A need exists for a lighter and less complex fire suppression system, such as can be used within a cargo compartment of a vehicle, such as an aircraft.

With that need in mind, certain examples of the present disclosure provide a system for suppressing a fire within a cargo compartment of a vehicle. The system includes an outer support conduit having a first diameter, and a first tube having one or more portions retained within the outer support conduit. The first tube has a second diameter that is less than the first diameter. The outer support conduit is configured to deliver a first portion of a fire suppression agent around the one or more portions of the first tube. The first tube is configured to deliver a second portion of the fire suppression agent.

In at least one example, the vehicle is an aircraft.

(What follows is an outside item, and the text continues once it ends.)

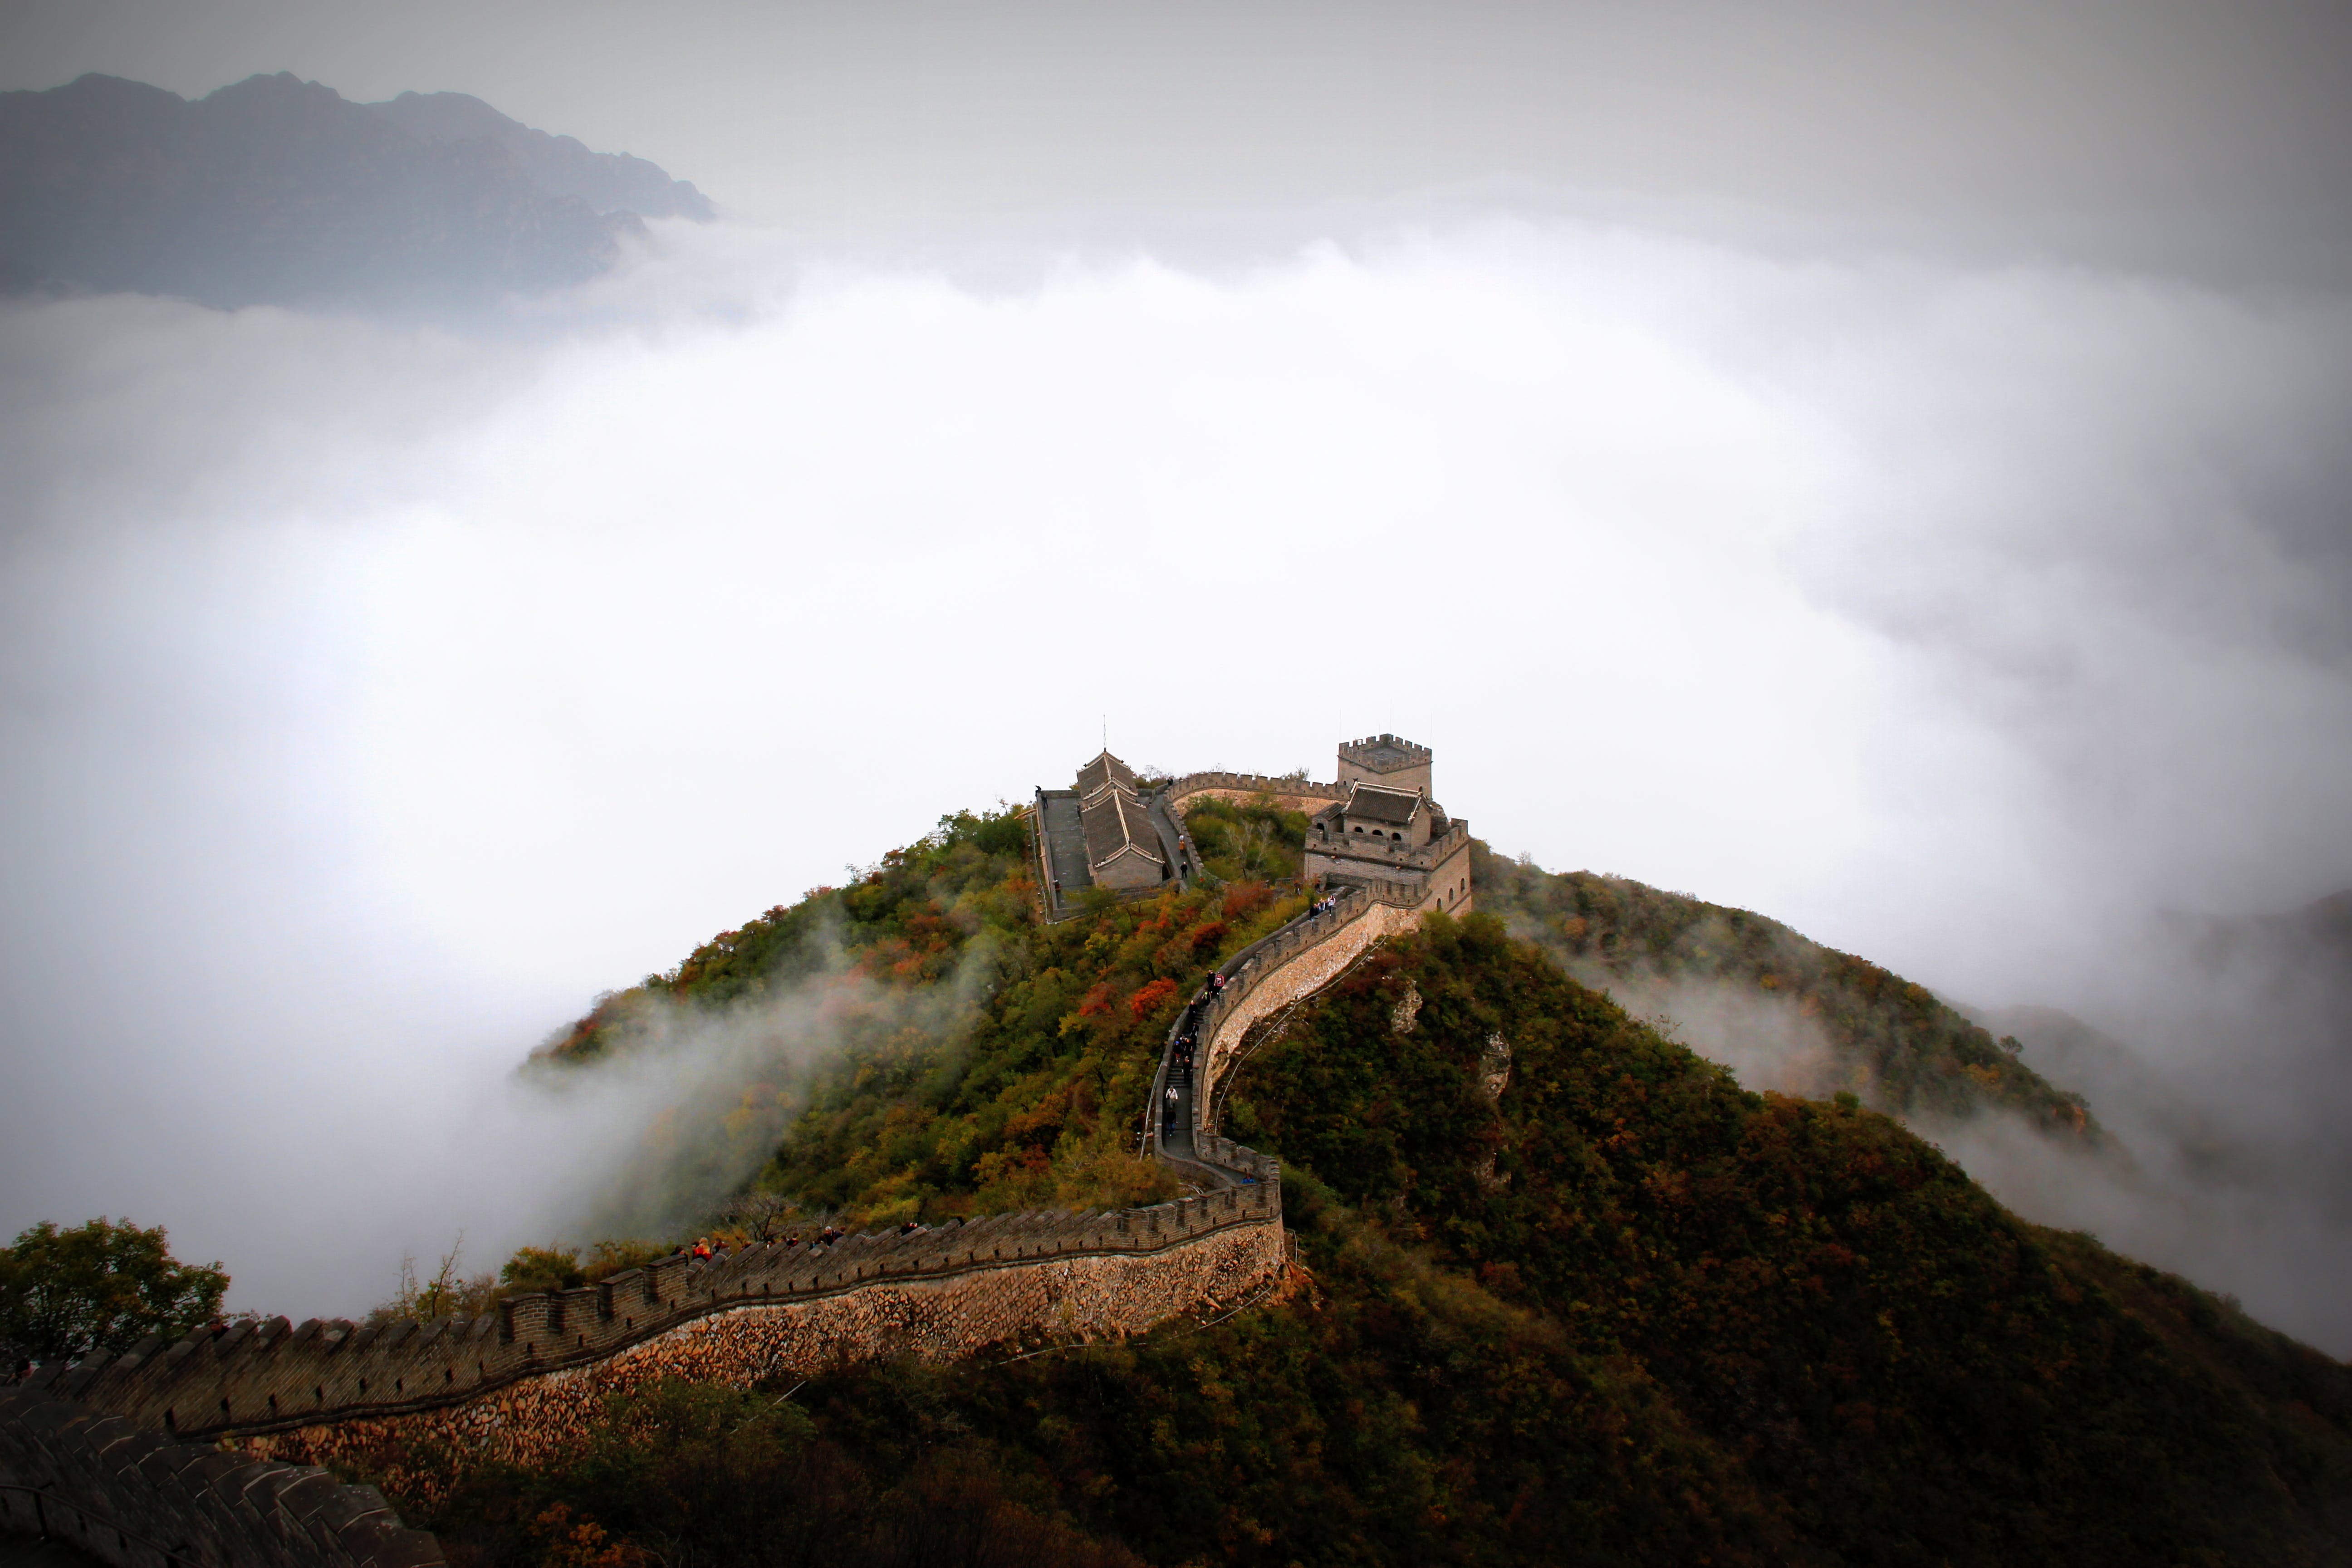 Check Out These Myths and Truths About the Great Wall of China

In at least one example, a first tank is in fluid communication with the first tube. The first tank is configured to retain the second portion of the fire suppression agent. A second tube is in fluid communication with the outer support conduit. A second tank is in fluid communication with the second tube. The second tank is configured to retain the first portion of the fire suppression agent. In at least one further example, a first valve is on or within the first tube, and a second valve is on or within the second tube. In at least one further example, a control unit is in communication with the first valve and the second valve. The control unit is configured to control operation of the first valve and the second valve. The system can also include one or more sensors configured to detect a fire. The control unit can be in communication the one or more sensors.

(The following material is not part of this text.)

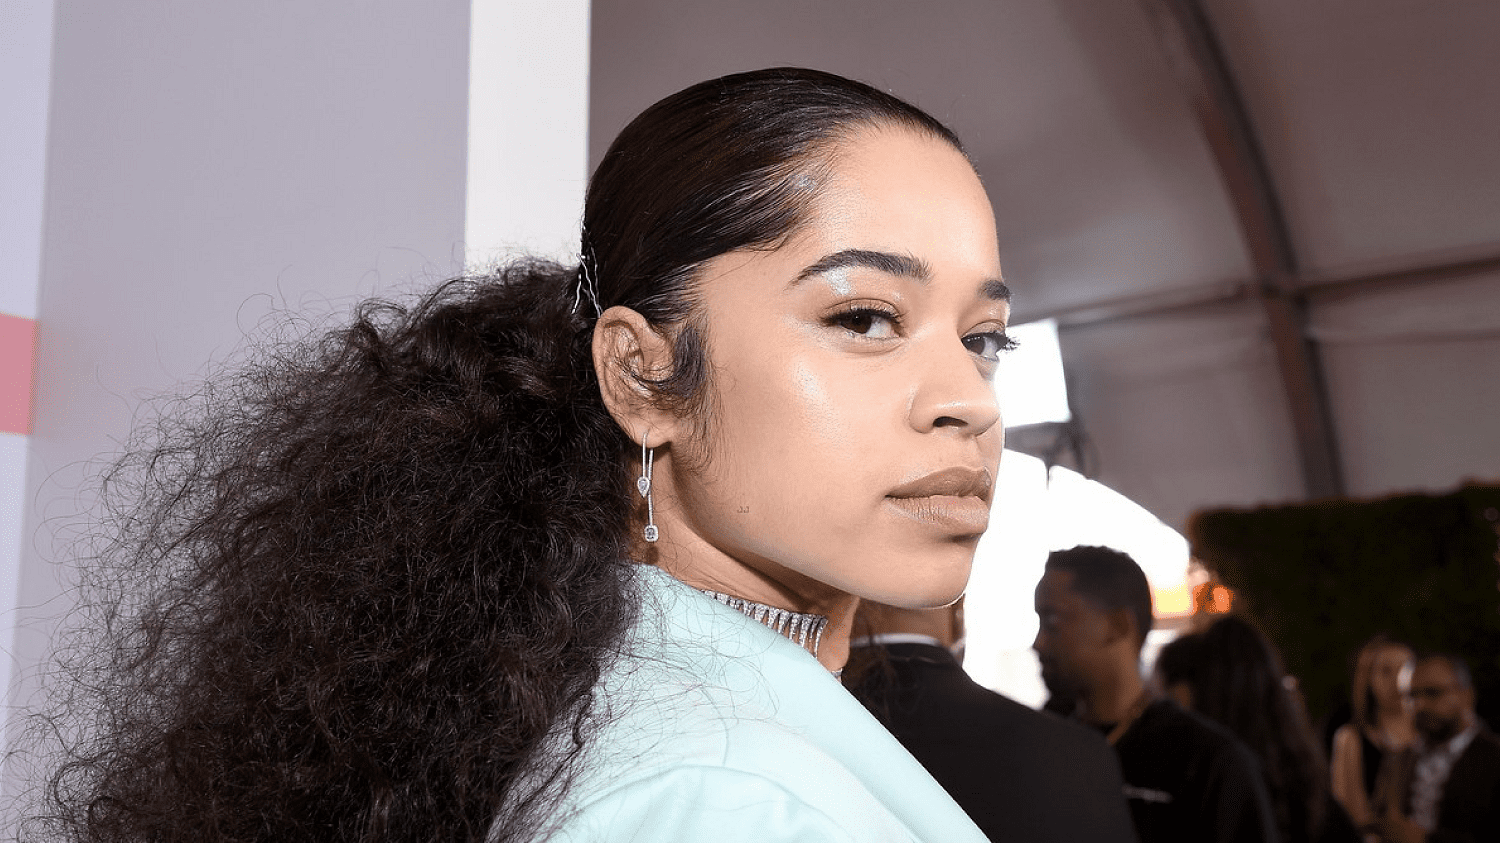 Hairstyle Inspiration From Singer: Ella Mai.

In at least one example, the outer support conduit forms at least a portion of the second tube. As another example, at least a portion of the second tube is retained within the outer support conduit.

The second diameter can be 10% or less of the first diameter.

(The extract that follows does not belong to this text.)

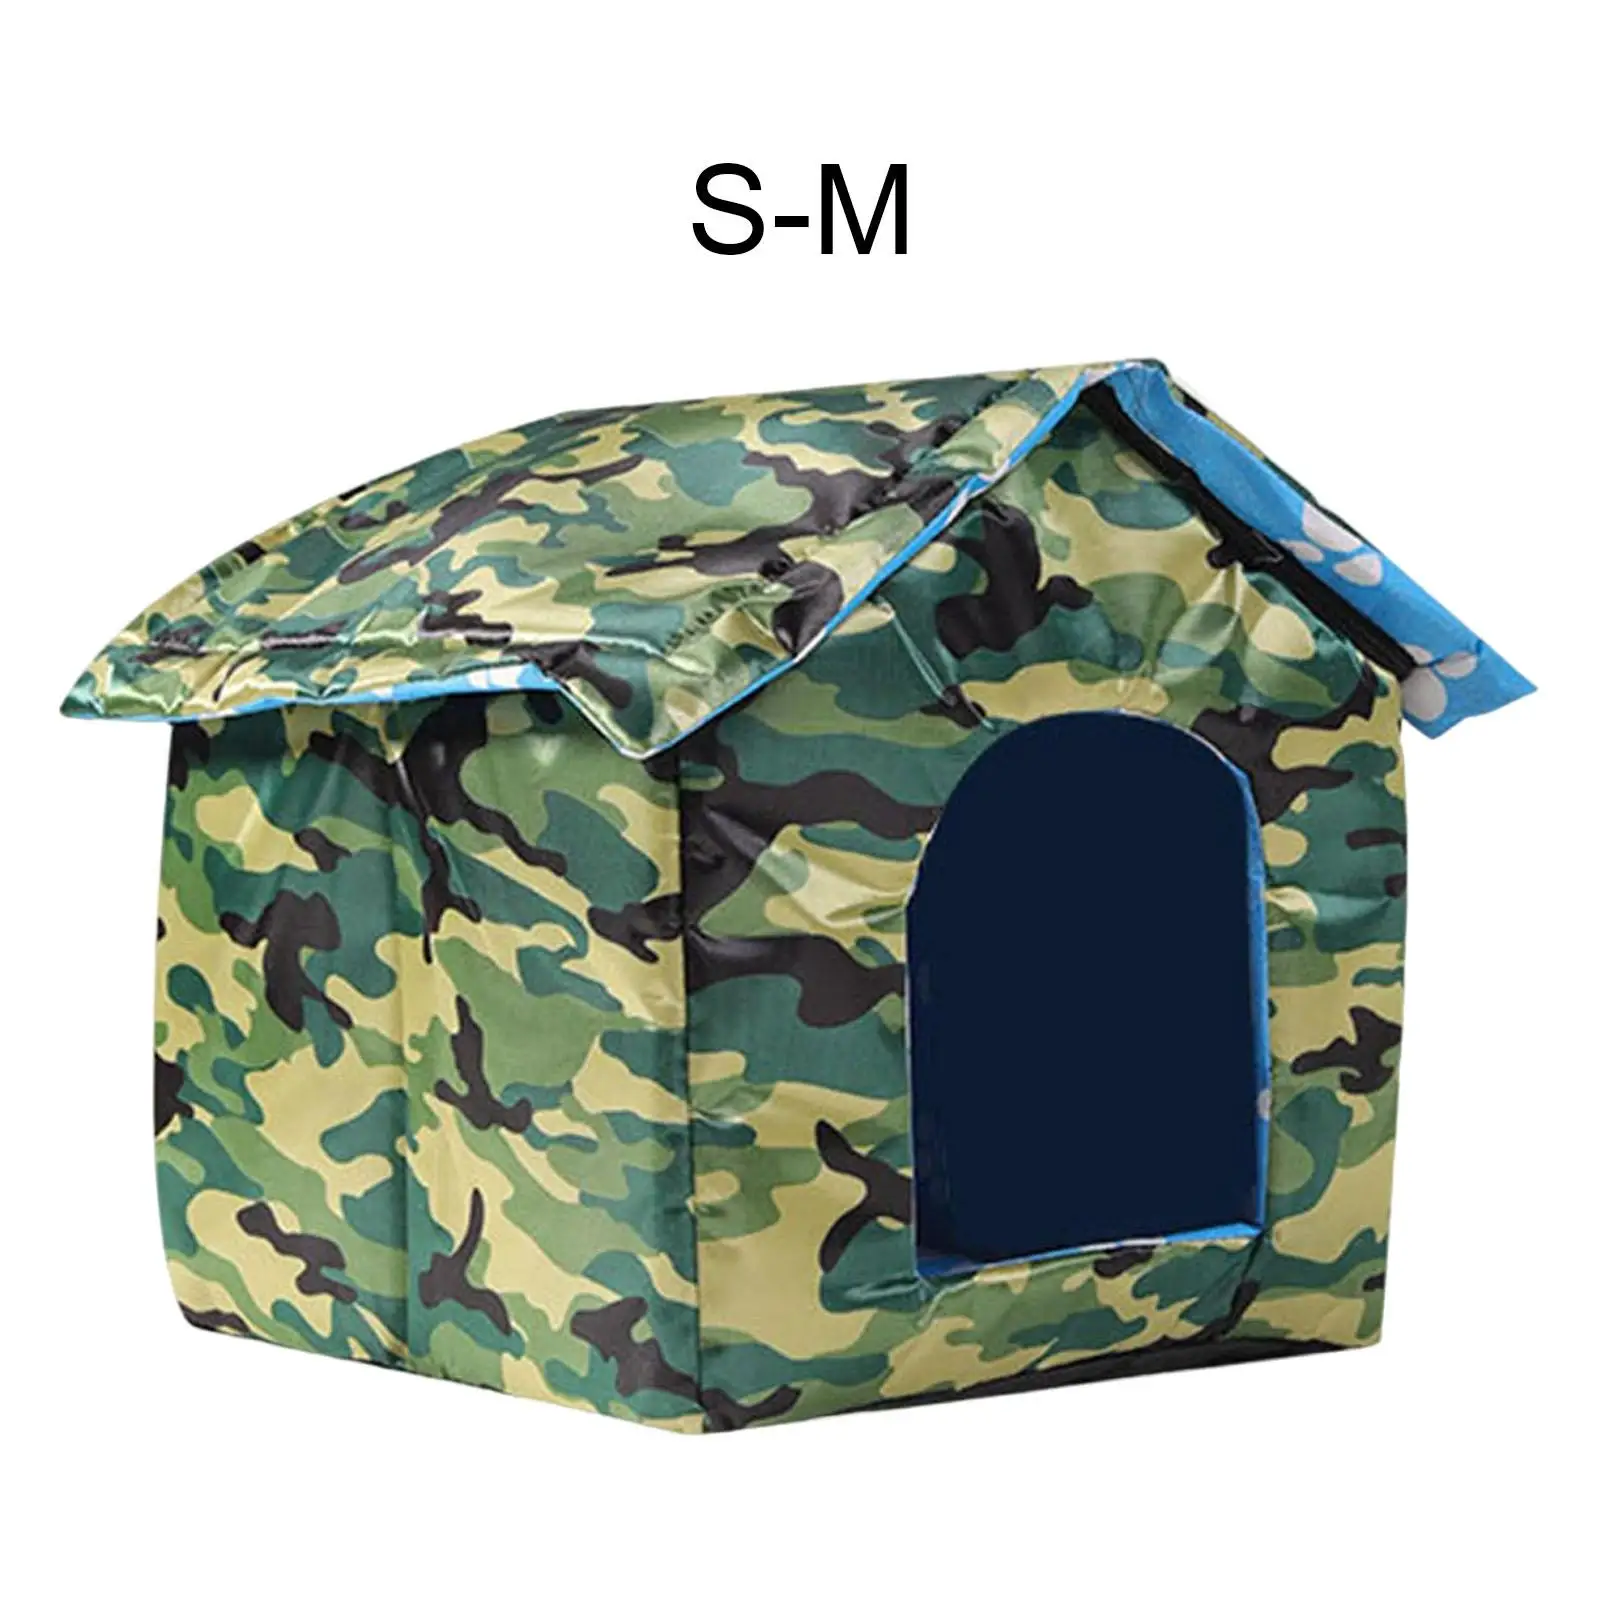 Stray Cats Shelter Pet House Outside with Removable Roof Puppy Kitten Cave

The outer support conduit can be formed of a metal, and the first tube can be formed of a plastic.

In at least one example, one or more retainers are disposed within the outer support conduit. The one or more retainers are configured to retain the first tube at a desired position within the outer support conduit.

In at least one example, the one or more retainers include a cylindrical main body, a central channel configured to receive and retain a portion of the first tube, and one or more fluid passages formed through the cylindrical main body.

Certain examples of the present disclosure provide an aircraft including a cargo compartment, and a system for suppressing a fire within the cargo compartment, as described herein.

Certain examples of the present disclosure provide a method including delivering the first portion of the fire suppression agent through the outer support conduit around the one or more portions of the first tube; and delivering the second portion of the fire suppression agent through the first tube.

The foregoing summary, as well as the following detailed description of certain embodiments will be better understood when read in conjunction with the appended drawings. As used herein, an element or step recited in the singular and preceded by the word “a” or “an” should be understood as not necessarily excluding the plural of the elements or steps. Further, references to “one embodiment” are not intended to be interpreted as excluding the existence of additional embodiments that also incorporate the recited features. Moreover, unless explicitly stated to the contrary, embodiments “comprising” or “having” an element or a plurality of elements having a particular condition can include additional elements not having that condition.

illustrates a block diagram of a fire suppression systemwithin a cargo compartmentof an aircraft, according to an example of the present disclosure. The fire suppression systemincludes components secured on or within a ceiling, walls, floor, and/or the like of the cargo compartment. Optionally, the fire suppression systemcan be used in various other areas of the aircraft, such as within at least a portion of a passenger cabin. Further, examples of the present disclosure can be used with other types of vehicles, such as land-based vehicles, watercraft, spacecraft, or the like. As another example, examples of the present disclosure can be used with fixed structures, such as commercial or residential buildings.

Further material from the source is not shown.